⚡ Energy consumption metrology agent. Let "scaph" dive and bring back the metrics that will help you make your systems and applications more sustainable !
Apache License 2.0
1.63k
stars
109
forks
source link
Random failure in rocky linux based custom container #380
I have build container with rpm based scaphandre installation. I am starting it on bare metal with 'prometheus --qemu" option. In docker logs I see:
scaphandre::sensors: Sysinfo sees 256
Scaphandre stdout exporter
Sending ⚡ metrics
Measurement step is: 2s
when I try to curl http://localhost:8080/metrics I don't get any output on console and in logs I see:
thread 'main' panicked at 'called `Option::unwrap()` on a `None` value', src/sensors/utils.rs:177:18
scaphandre::exporters::prometheus: Error in show_metrics : PoisonError { .. }
scaphandre::exporters::prometheus: Error details : poisoned lock: another task failed inside
each next run of curl produces:
scaphandre::exporters::prometheus: Error in show_metrics : PoisonError { .. }
scaphandre::exporters::prometheus: Error details : poisoned lock: another task failed inside
Once in a few runs scaphandre is starting properly and I am able to scrap metrics. I have done a lot of tests to determine when it happens (without changing ownership and access rights to /sys/clss/powercap (so without running init.sh), after reboot (to clean ownership of /sys), restarting docker container, purging docker, running scaphandre with stdout option, etc) and I didn't find anything conclusive.
Bellow there is console output where I run scaphandre few times before it works , after few unsuccessful attempts to start it.

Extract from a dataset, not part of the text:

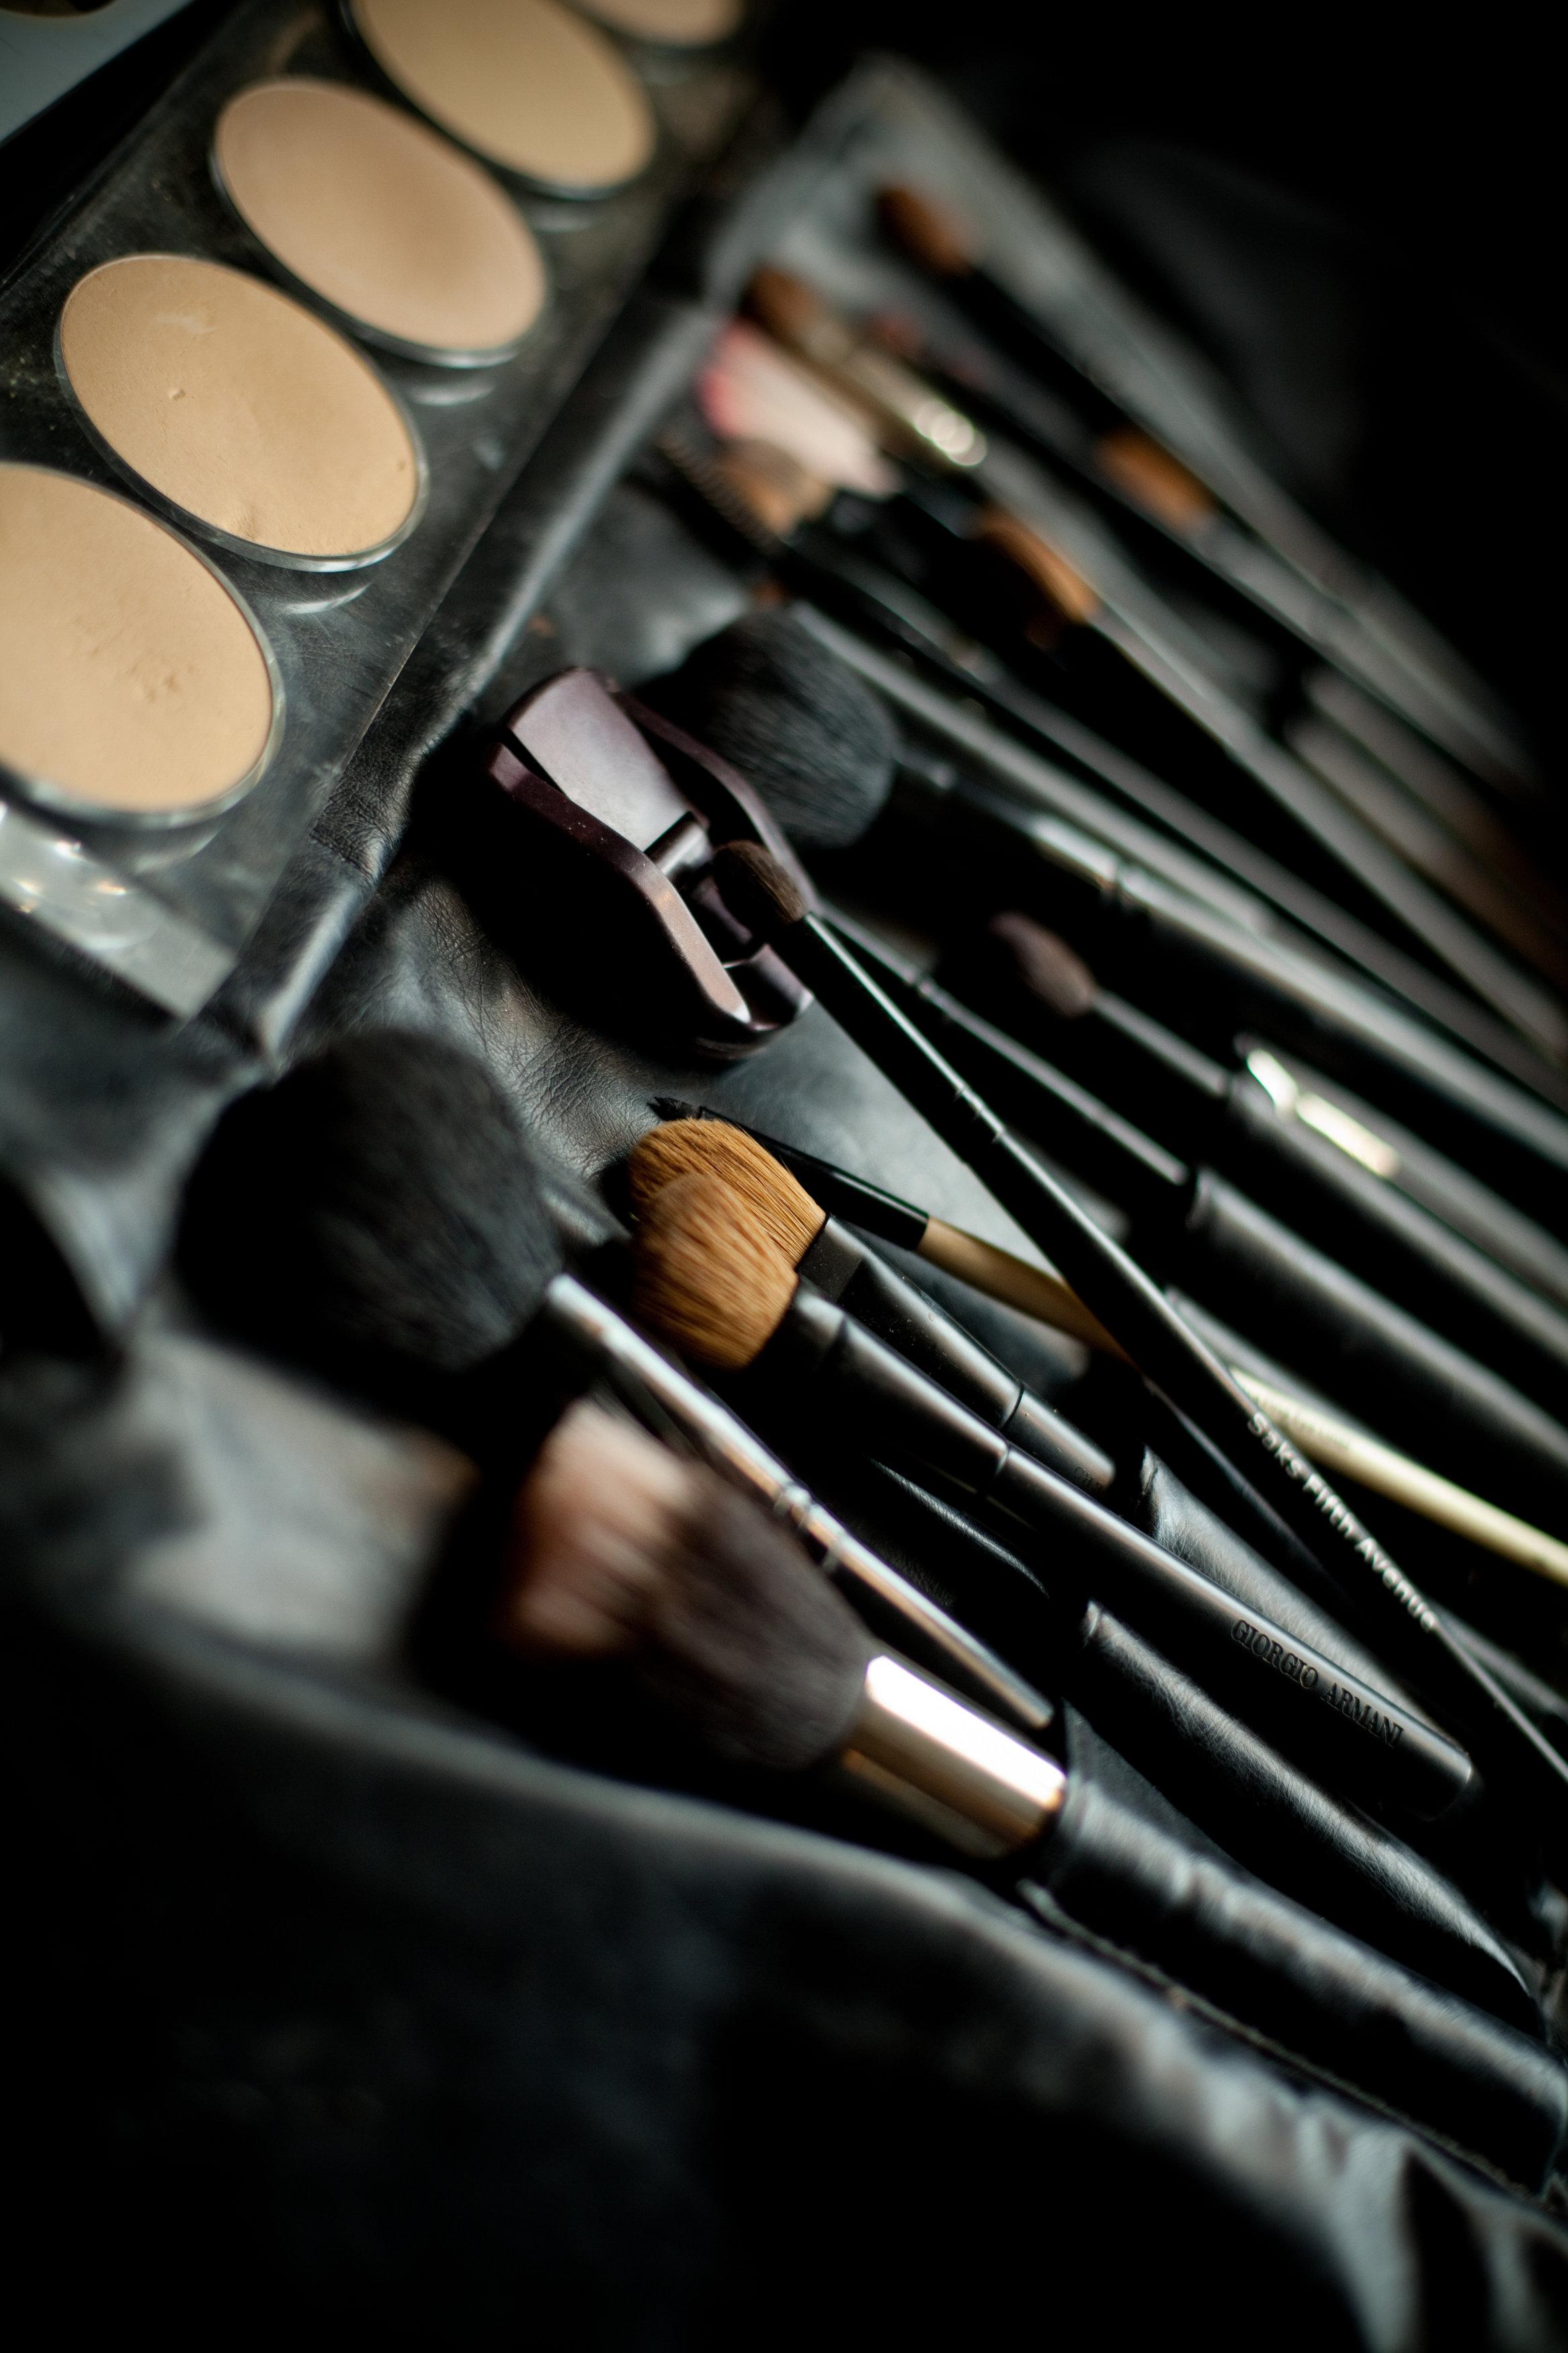 Makeup+brushes

(kolla-ansible) [stack@hpc30 ~]$ docker run -v /sys/class/powercap:/sys/class/powercap -v /proc:/proc -ti --network host -e RUST_BACKTRACE=full kolla/scaphandre:17.1.0 scaphandre stdout -t 5
scaphandre::sensors: Sysinfo sees 256
Scaphandre stdout exporter
Sending ⚡ metrics
Measurement step is: 2s
thread 'main' panicked at 'called `Option::unwrap()` on a `None` value', src/sensors/utils.rs:177:18
stack backtrace:
0: 0x5576c0d21f41 - <std::sys_common::backtrace::_print::DisplayBacktrace as core::fmt::Display>::fmt::hf66164b97344d0a2
1: 0x5576c0d4a4af - core::fmt::write::hbb74f2248ccd4395
2: 0x5576c0d1edb1 - std::io::Write::write_fmt::hed9c5edae1eac7b4
3: 0x5576c0d21d55 - std::sys_common::backtrace::print::hc9a6bb05c1f66b1d
4: 0x5576c0d231f7 - std::panicking::default_hook::{{closure}}::h617bee45ce760ff9
5: 0x5576c0d22fe4 - std::panicking::default_hook::hfb5619c23c95dafb
6: 0x5576c0d236ac - std::panicking::rust_panic_with_hook::h07253f826b957552
7: 0x5576c0d23561 - std::panicking::begin_panic_handler::{{closure}}::hfde4141a9de96c92
8: 0x5576c0d22376 - std::sys_common::backtrace::__rust_end_short_backtrace::he15cde744ac23f89
9: 0x5576c0d232f2 - rust_begin_unwind
10: 0x5576c06be443 - core::panicking::panic_fmt::h2494779393265ba8
11: 0x5576c06be4d3 - core::panicking::panic::hfcc79b23445abeb8
12: 0x5576c0799450 - scaphandre::exporters::MetricGenerator::gen_self_metrics::h280d657f7d304306
13: 0x5576c07a208b - scaphandre::exporters::MetricGenerator::gen_all_metrics::h63813309d030eccd
14: 0x5576c07b54a3 - scaphandre::exporters::stdout::StdoutExporter::iterate::h06a8bbbbab974fa2
15: 0x5576c07b52c8 - <scaphandre::exporters::stdout::StdoutExporter as scaphandre::exporters::Exporter>::run::hd0394d843640f8d2
16: 0x5576c06d6203 - scaphandre::main::h75d3d0458ba1b902
17: 0x5576c06cdfd3 - std::sys_common::backtrace::__rust_begin_short_backtrace::hd18dc57ef0d20d7c
18: 0x5576c06c9ad9 - std::rt::lang_start::{{closure}}::he293a497447ace7d
19: 0x5576c0d18ef5 - std::rt::lang_start_internal::he62005167fe2938d
20: 0x5576c06d9c95 - main
21: 0x7f1a5f2b4eb0 - __libc_start_call_main
22: 0x7f1a5f2b4f60 - __libc_start_main_alias_1
23: 0x5576c06bebf5 - _start
24: 0x0 - <unknown>
(kolla-ansible) [stack@hpc30 ~]$ docker run -v /sys/class/powercap:/sys/class/powercap -v /proc:/proc -ti --network host -e RUST_BACKTRACE=full kolla/scaphandre:17.1.0 scaphandre stdout -t 5
scaphandre::sensors: Sysinfo sees 256
Scaphandre stdout exporter
Sending ⚡ metrics
Measurement step is: 2s
scaphandre::sensors: Not enough records for socket
scaphandre::sensors: Not enough records for socket
Host: 0 W from
package core
Top 5 consumers:
Power PID Exe
No processes found yet or filter returns no value.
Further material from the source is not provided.